━━━━━ Information given ━━━━━

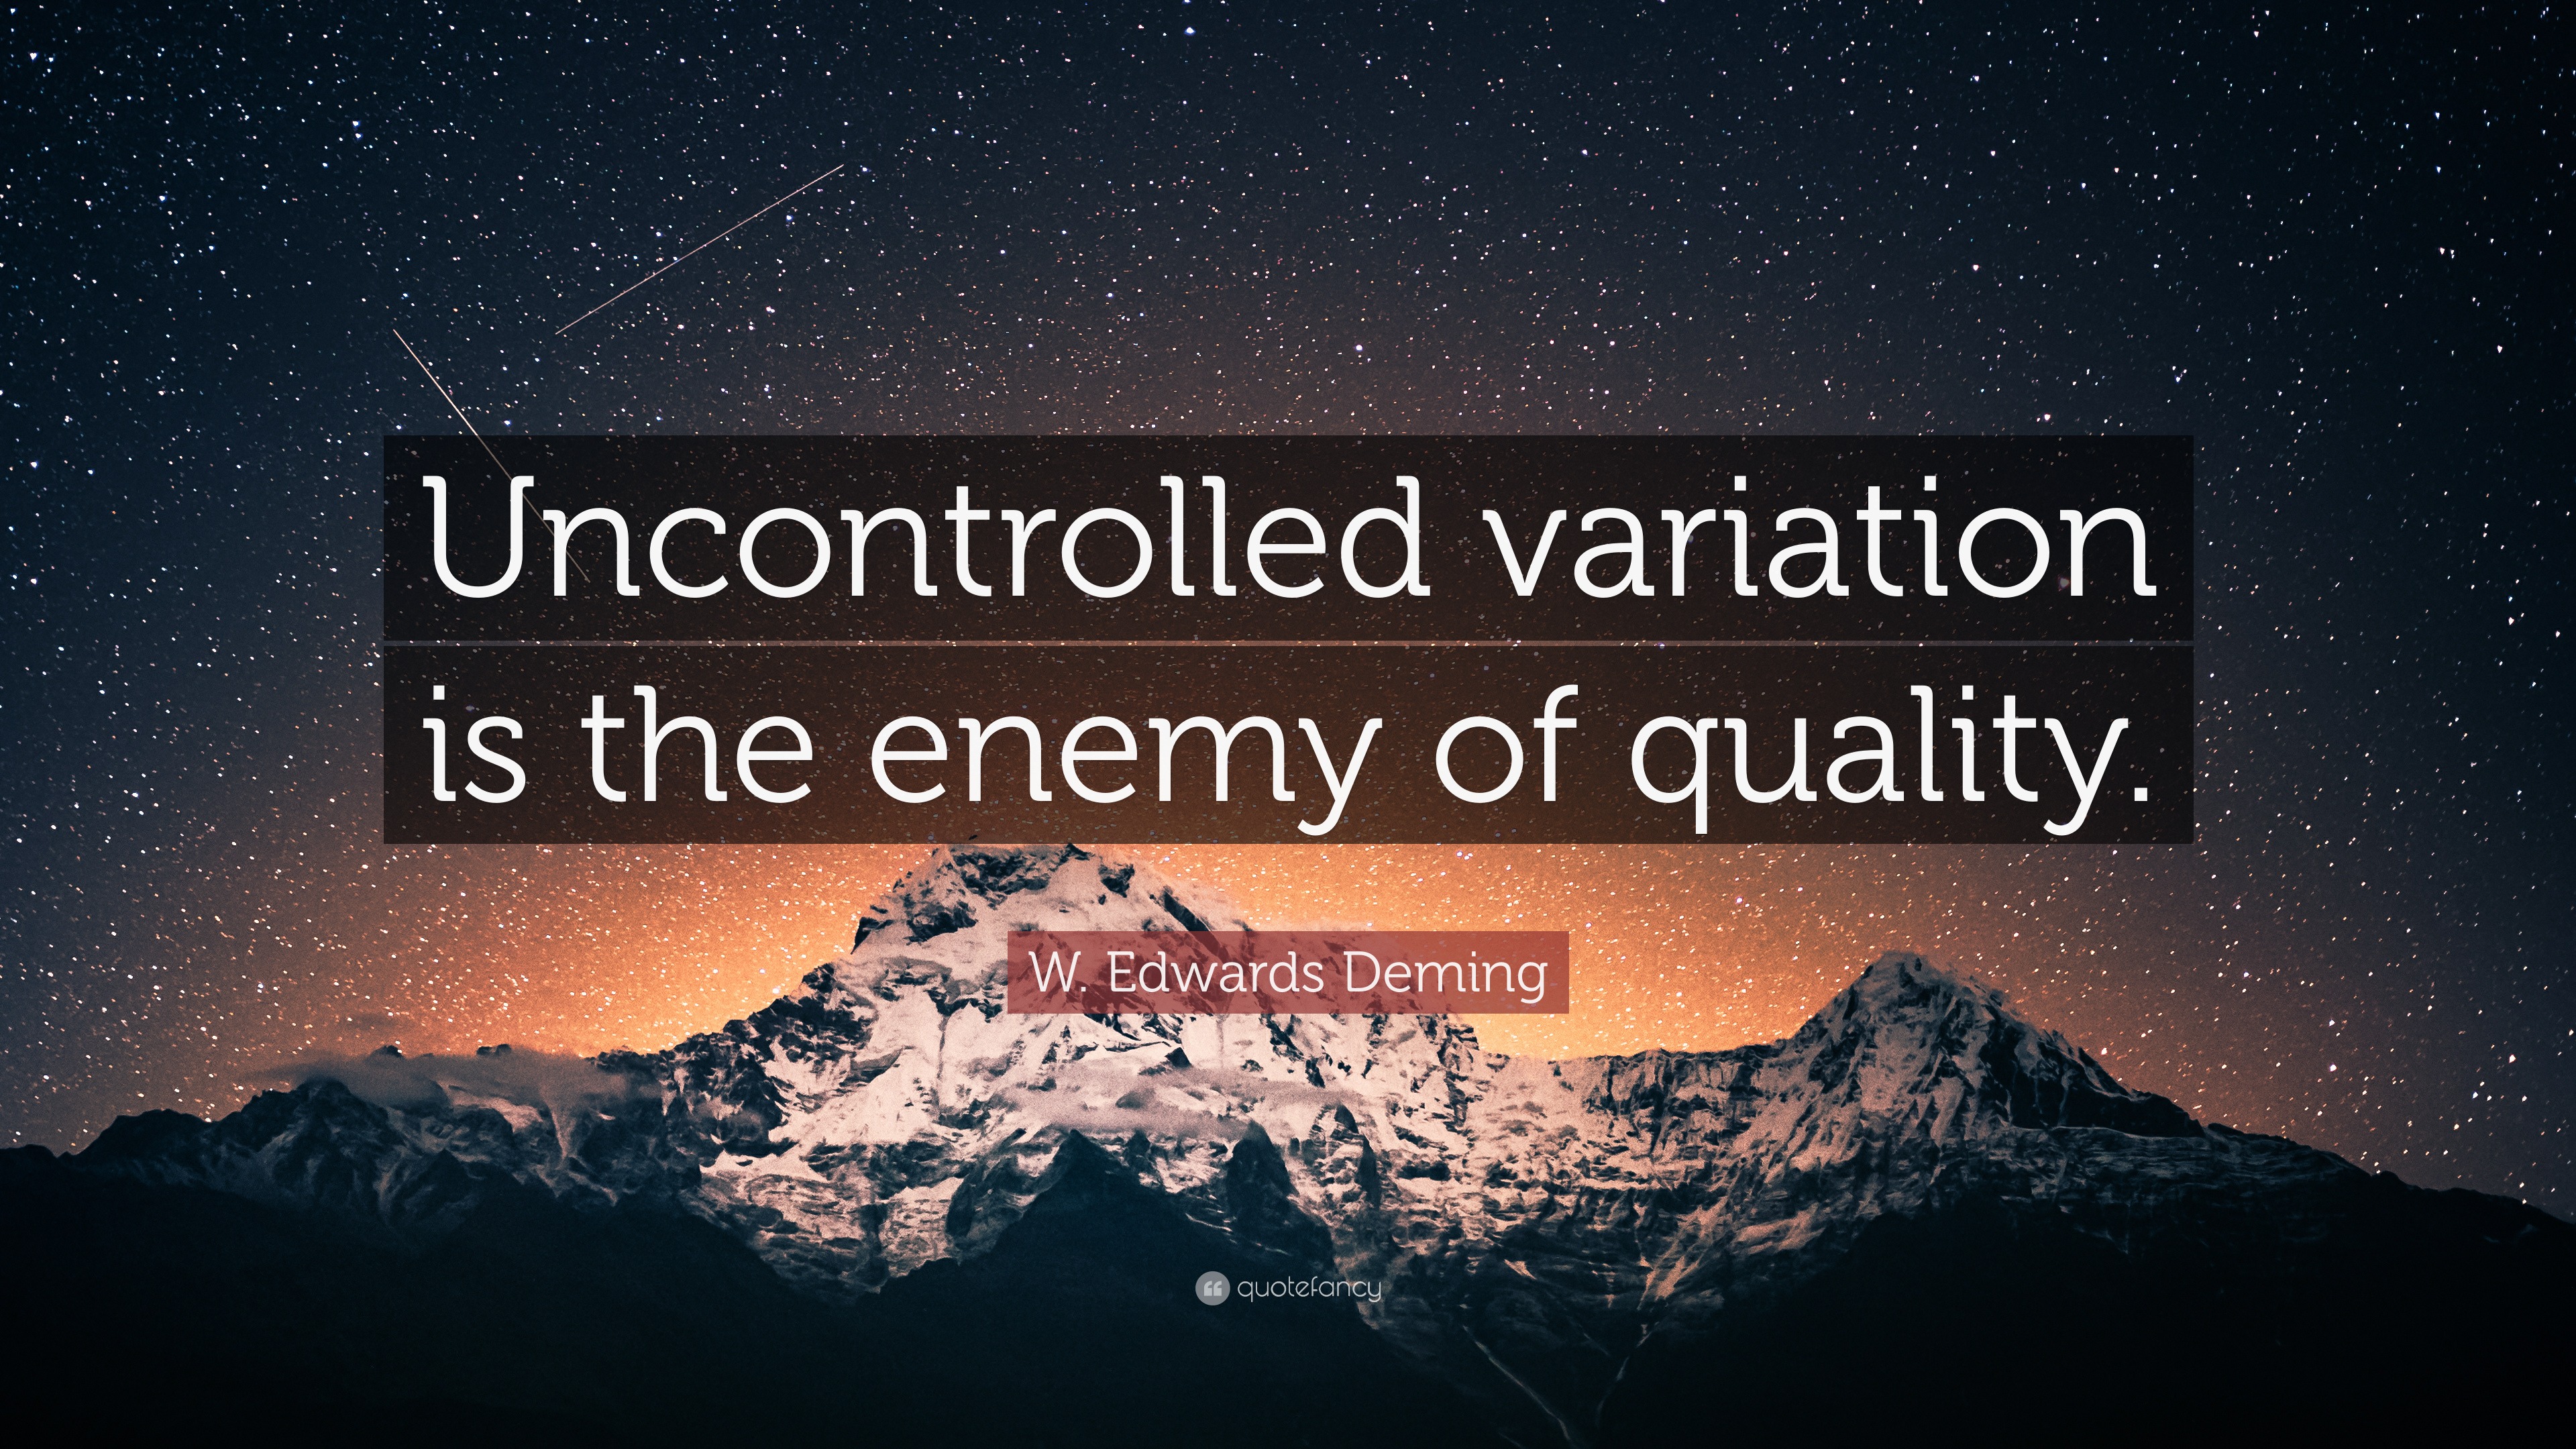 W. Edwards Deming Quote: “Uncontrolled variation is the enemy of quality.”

━━━━━
━━━━━ Information given ━━━━━

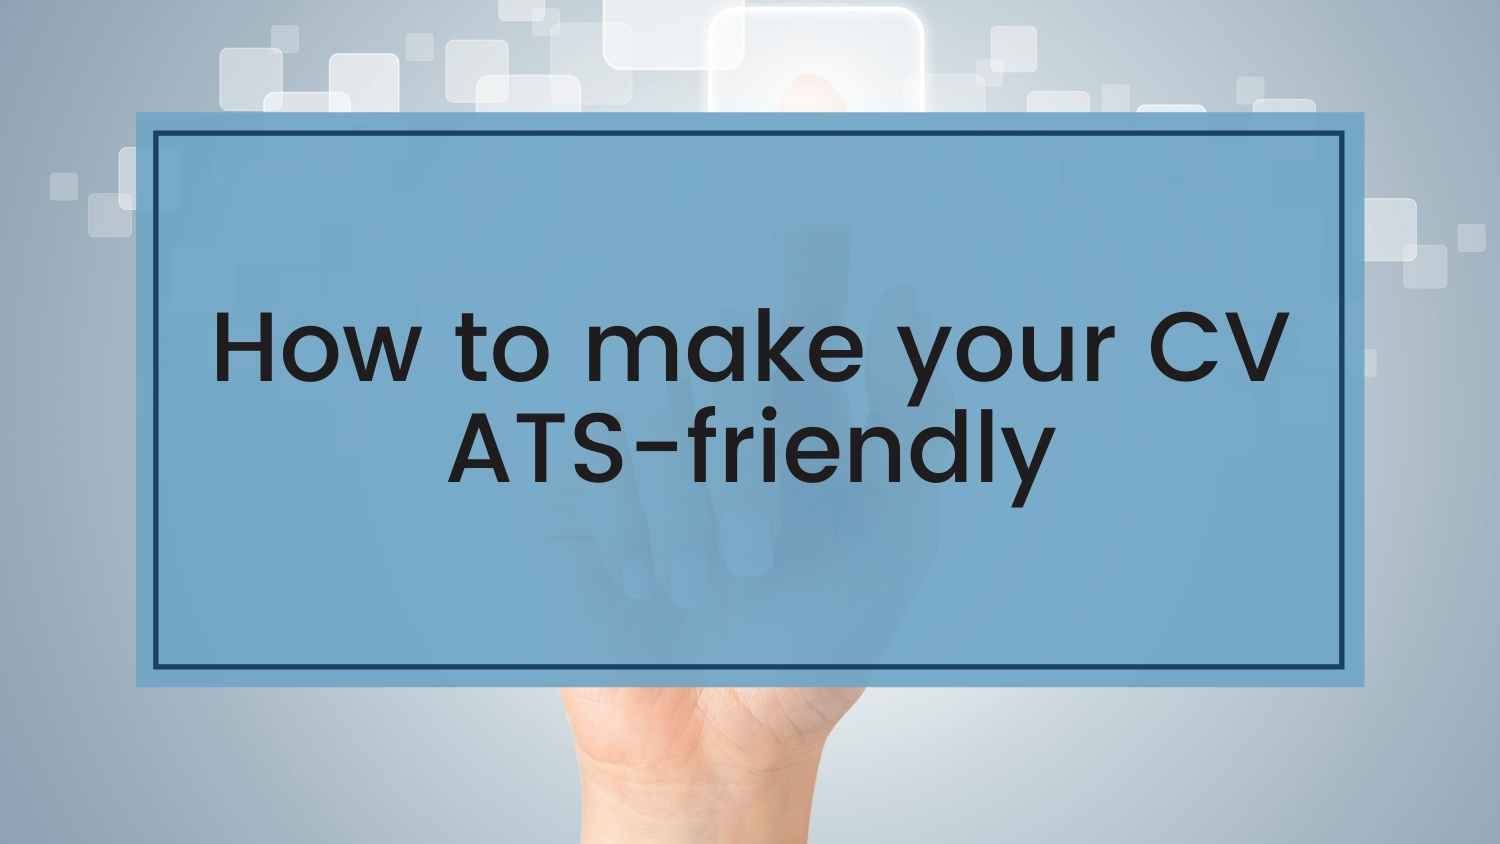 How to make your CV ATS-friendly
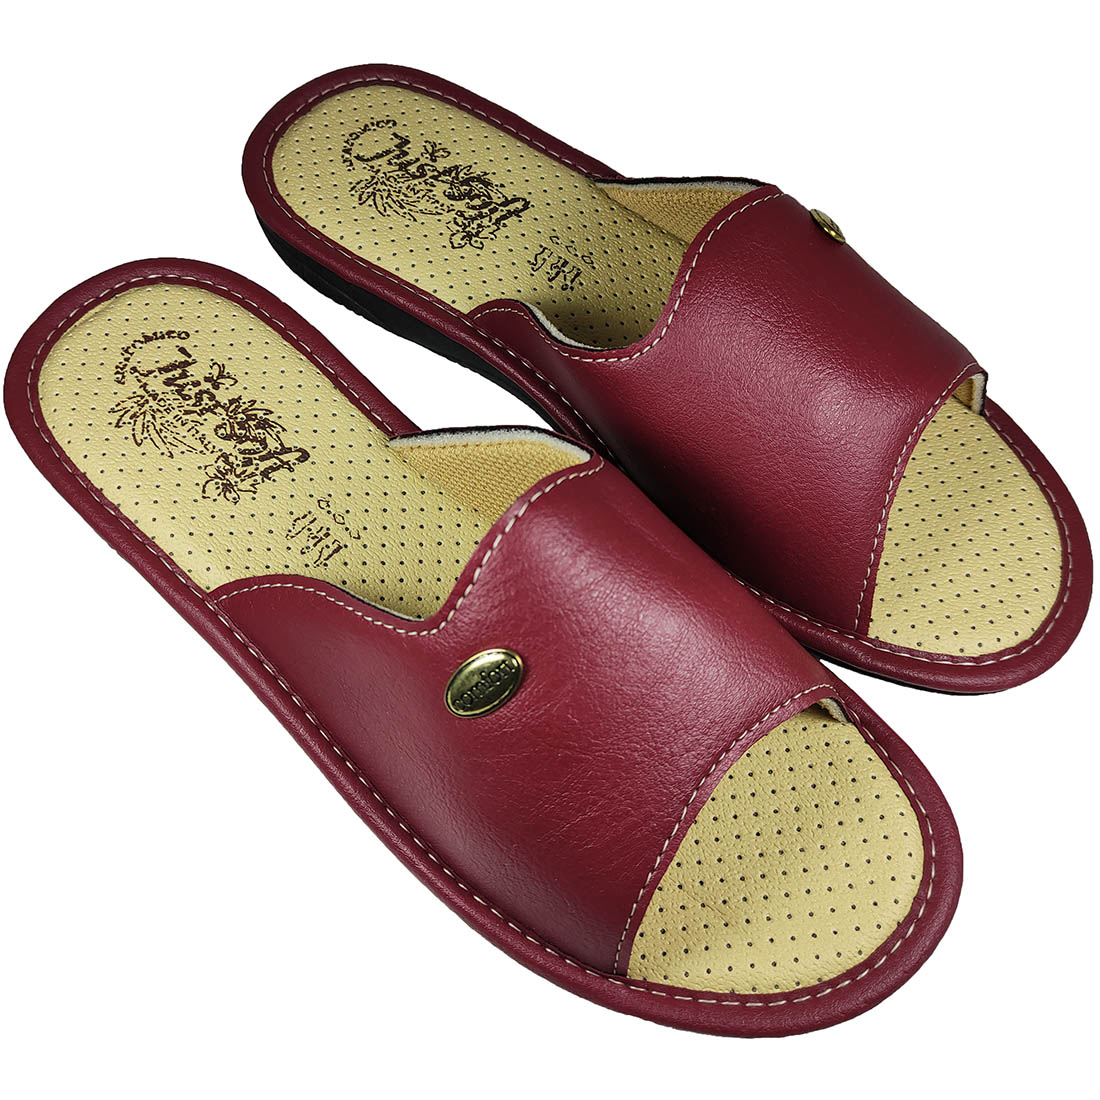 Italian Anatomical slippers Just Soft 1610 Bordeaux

━━━━━

### Directions
Your answer should be the exact lines above from the one containing "How to make your CV ATS-friendly" through the one containing "Italian Anatomical slippers", with both end lines kept and the pictures removed, please.

### Solution
 How to make your CV ATS-friendly
 Italian Anatomical slippers Just Soft 1610 Bordeaux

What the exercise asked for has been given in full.